Evaluation of phytase, vitamin D3 derivatives, and broiler breed differences on nutrient utilization, broiler performance, leg disorders, and the expression of intestinal calbindin-28 kd mRNA and protein
Shirley, Robert Bryant
MetadataShow full item record
Five experiments were conducted to evaluate the effects of elevated phytase levels [0 to 12,000 units (U)/kg of diet] on broiler chick performance, tibia ash deposition, and the utilization of nutrients in total phosphorus (tP)-deficient diets. The effects of varying levels of phytase alone were evaluated in Experiment 1. Experiments 2 and 3 evaluated the interaction between varying levels phytase and dietary 25-hydroxycholecalciferol or 1a-hydroxycholecalciferol. In Experiments 4 and 5, the interactive effects of varying dietary Ca and phytase were evaluated. In each of the five phytase experiments, supplementing a tP-deficient broiler diet with 6,000 to 12,000 units of phytase hydrolyzed approximately 80 to 95% of dietary phytate. This not only reduced the P-deficiency of the broiler diets, but subsequently increased the overall Ca and P retention, performance and tibia ash deposition of broiler chicks. In Experiments 3 and 4, the addition of 25- hydroxycholecalciferol and 1a-hydroxycholecalciferol improved broiler performance and the utilization of nutrients at the lower levels of phytase supplementation, however, the addition of 1a-hydroxycholecalciferol at the higher levels of phytase depressed body weight gain and feed intake, despite graded improvements in phytate degradation and mineral retention values.
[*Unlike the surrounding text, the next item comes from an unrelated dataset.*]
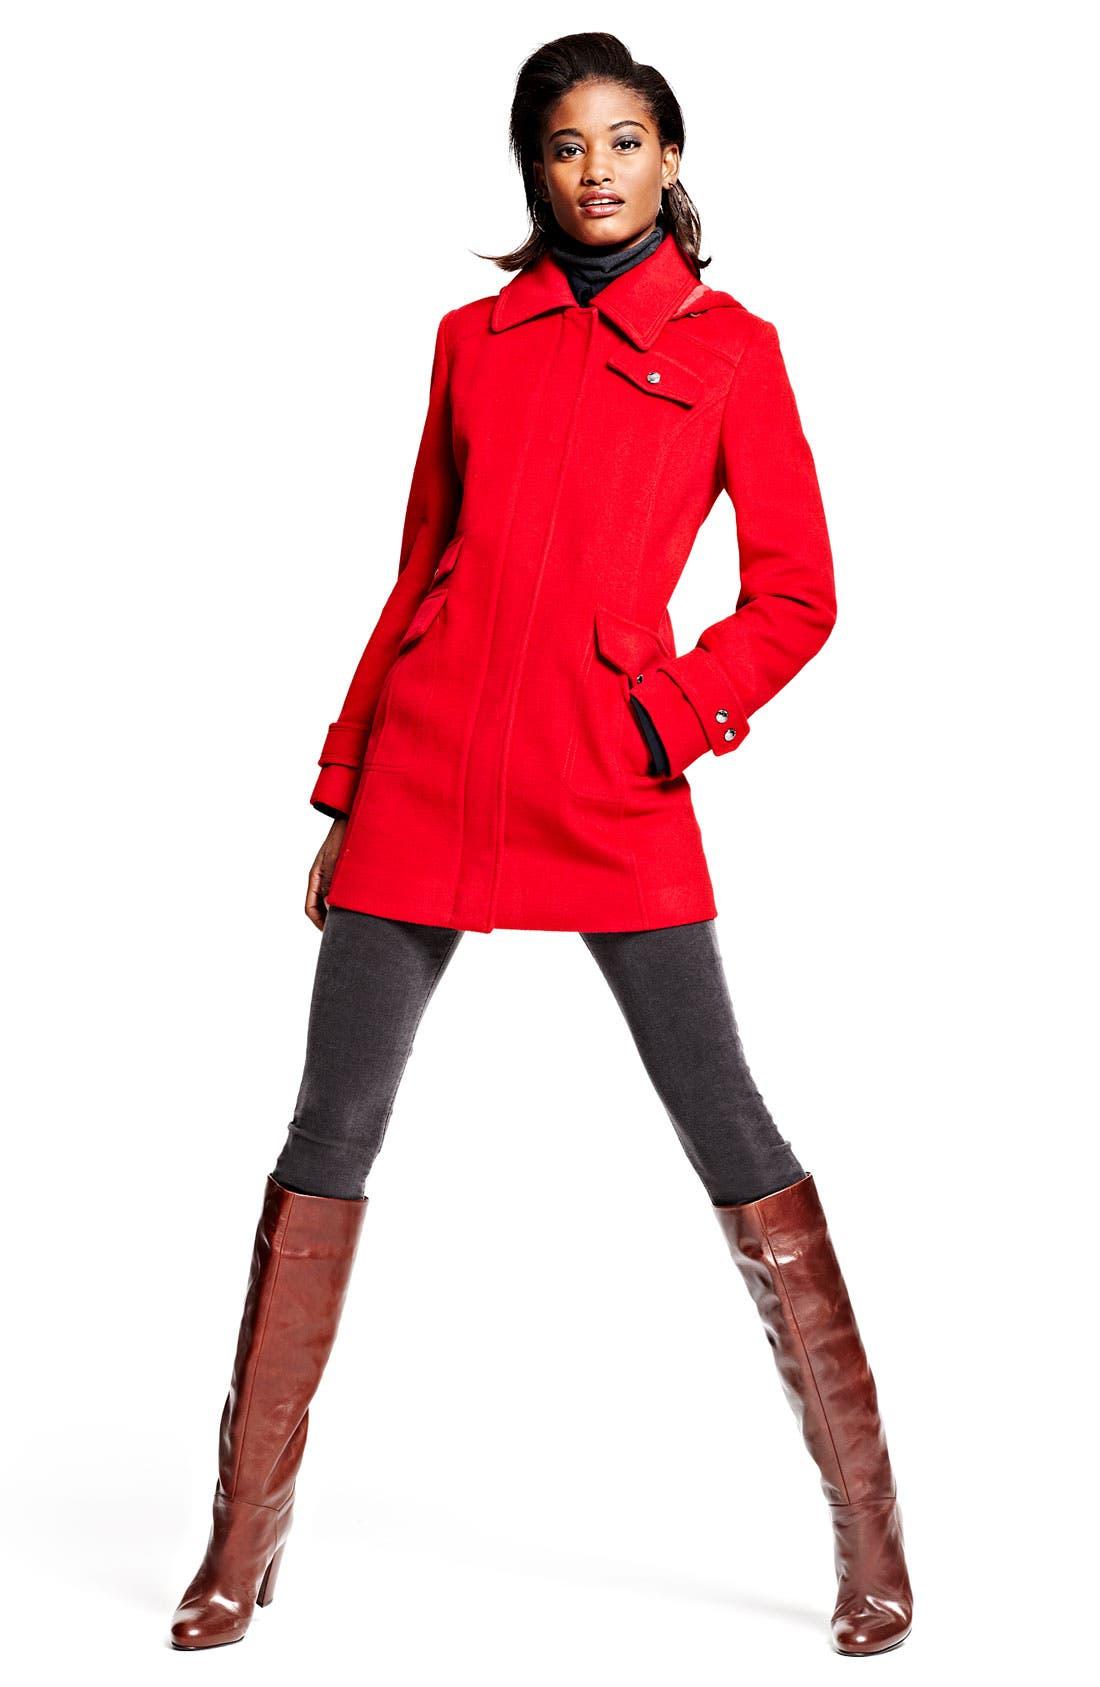 Alternate Image 1 Selected - Ellen Tracy Coat, KUT from the Kloth Cords & Stuart Weitzman Boot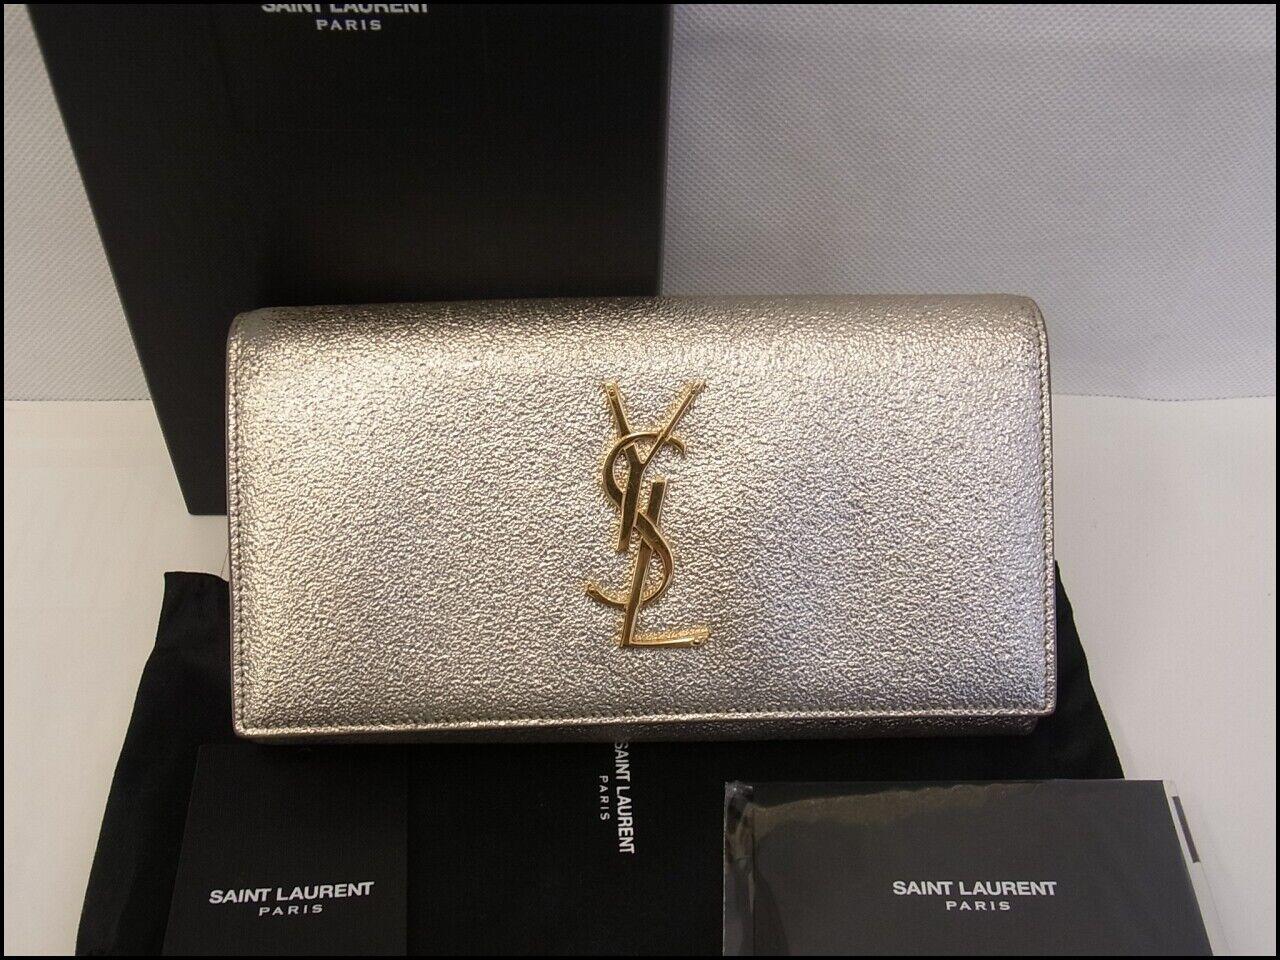 Auth KAN13 SAINT LAURENT Cassandra flap wallet YSL Gold hardware from Japan

This suggested that 1a-hydroxycholecalciferol improved Ca absorption to the point that it was anorexigenic. In Experiments 4 and 5, increasing the level of dietary Ca to 1.1% in a tP-deficient diet reduced broiler performance, mineral utilization, and tibia ash deposition when 0 or 1,500 U of phytase was supplemented. Increasing the level of phytase to 6,000 U/kg of diet eliminated the negative effects of high dietary Ca. These data suggest that higher levels of phytase are required to increase the liberation of phytate P. Adjustments in the ratio of dietary Ca to total P, and the level of vitamin D3 metabolites, however, should be considered when attempting to maximize broiler performance, reduce the amount of excreted P, and improve the overall quality and availability of nutrients in a tP-deficient broiler ration.